1604, a snowy winter's night in the Andong countryside. Inside a modest home, an old man sits alone, writing by candlelight. Writing about the death of Yi Soon-shin. Obviously this is Ryu Seongryong. As he writes he's plagued by coughing spells. And now he's coughing up blood. Well we all know what that means....
Flashback to 1589, Hanyang (Joseon's capital, present-day Seoul): An impressive ceremony is taking place inside the palace. King Seonjo and hundreds of high officials...and it looks like it's all about a book! A simple-looking book that sits on a table. We learn that this book is one volume of the Daemyeongjoejeon--the complete laws of Ming. What's the big deal? For 200 years Ming had refused to recognize Joseon's legitimacy, recording in its laws that Lee Seonggye was Lee In Im's son and became king illegitimately by killing a reigning king. Joseon had tried repeatedly to get Ming to correct this misstatement, unsuccessfully...until Seonjo. No wonder he looks so relieved and content. No more questions about the dynasty's legitimacy from their powerful neighbor. The book on the table, it's just one volume; an entire set of Ming's law books is due to arrive soon. And Seonjo promises rewards to all of the officials when the books finally do arrive, for helping achieve what everyone present feels is a great blessing. Wait, not everyone. An argument breaks out over whether or not to send Ming a "thank you letter" (a/k/a an expensive gift of some sort; Ming apparently loves their bribes and gifts) for the "blessing" they've bestowed. Ryu is there; he's the War Minister and disturbs everyone by grumbling that "It's not a blessing, it's writing a wrong. We suffered for 200 years...We should receive an apology from Ming." Well from the way everybody else is looking at him, apparently he's the only one who feels this way, or at least is willing to say so out loud. Seonjo listens to him with an amused smile on his face, enjoying watching him make everybody else squirm. But he's going to send the gift anyway.

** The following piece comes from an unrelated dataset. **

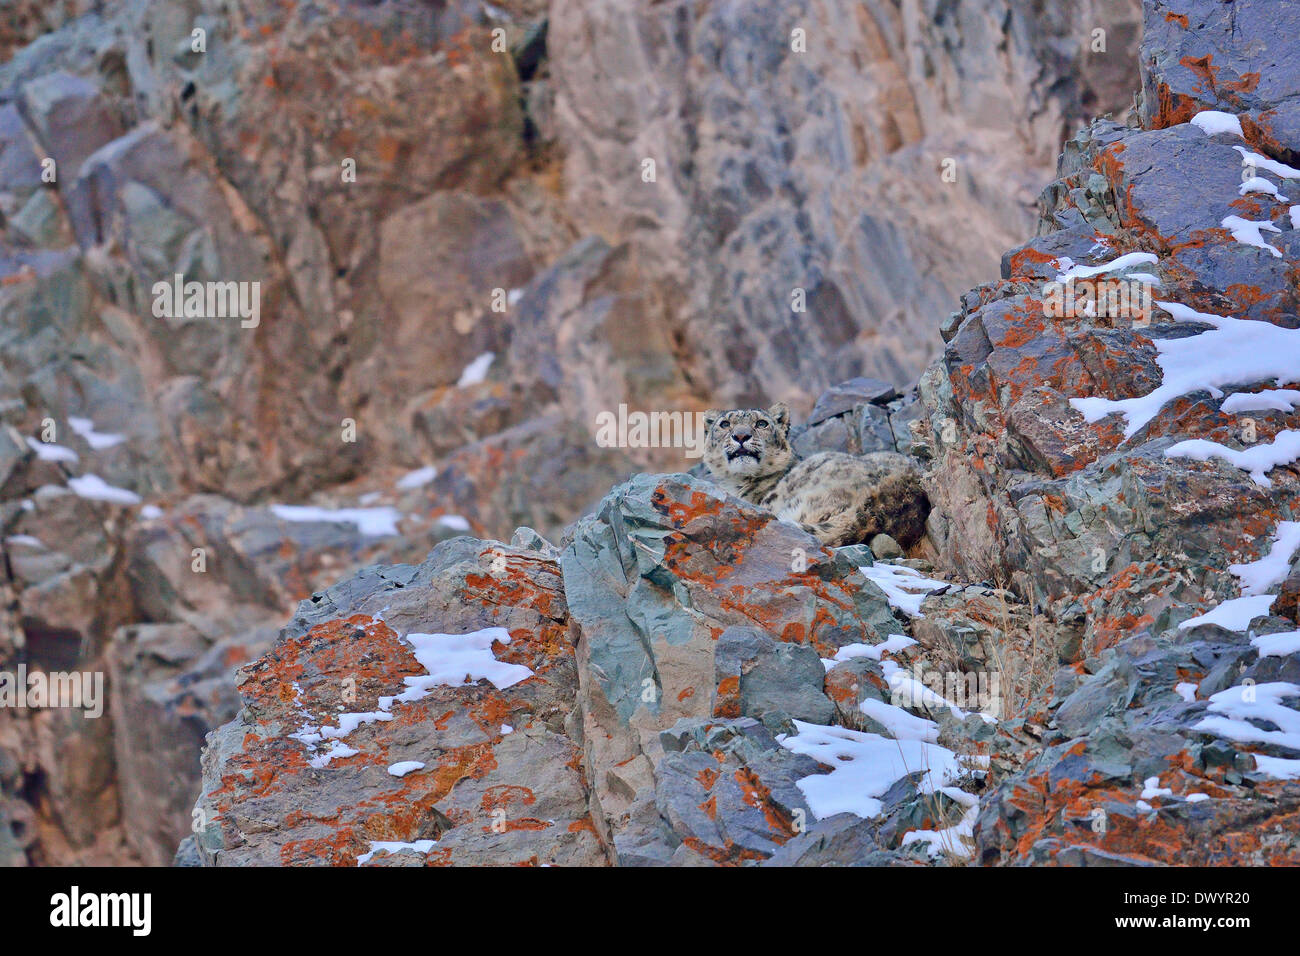 Snow Leopard (Panthera uncia Uncia uncia) ou reposant sur un rocher couvert de lichens dans Hemis national park, Ladakh, Inde Banque D'Images
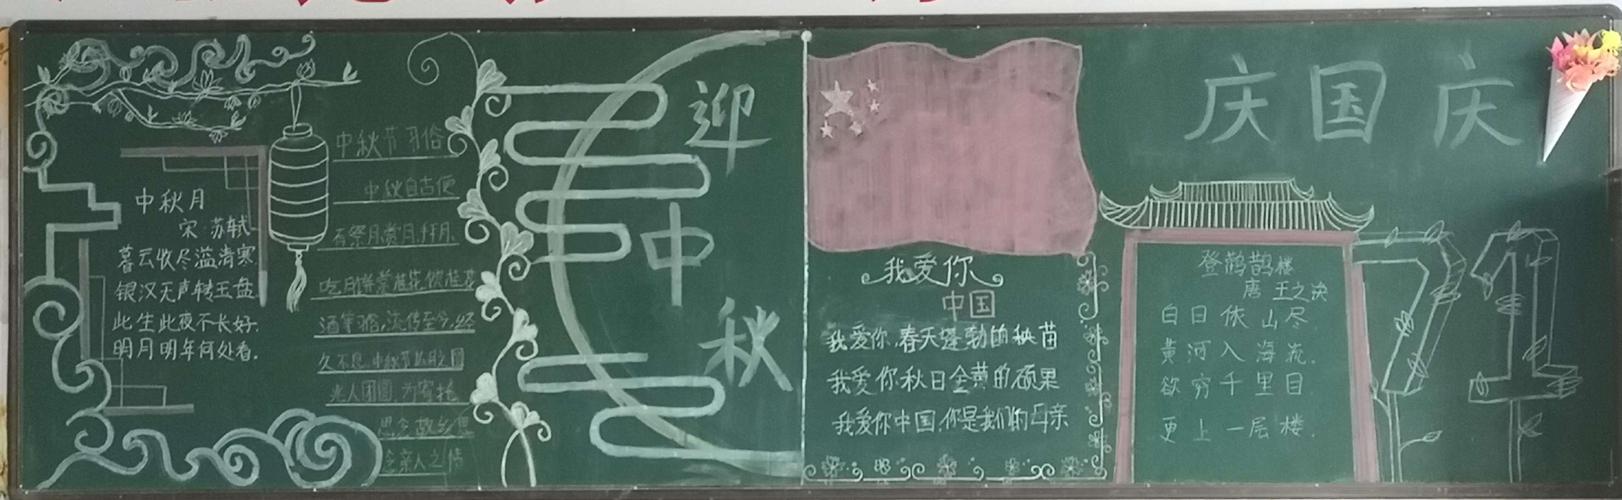 小学开展迎中秋庆国庆主题黑板报比赛副本 写美篇 为让学生了解

Port of Busan: Two envoys have arrived, on behalf of the Japanese king. Actually they're from Tsushima Island. They've brought gifts from Japan for King Seonjo--but the Joseon official who reviews the list says only, "We'll give them to the court." Hmmm...They've also brought something not on the list: a musket. Obviously a message there, but what is it? We learn that Japan first sent envoys to Joseon two years earlier and has been trying to establish diplomatic ties with them...but Seonjo rejected them. And that Tsushima is desperately trying to make it happen, because if Japan can't get relations established, there may be a war. A war that would turn Tshushima into a forward base for the Japanese, ruining the island's lucrative trading operations, draining it of food and basic resources that its people need to survive, and likely conscripting its able-bodied men to fight in the war. Hence the musket.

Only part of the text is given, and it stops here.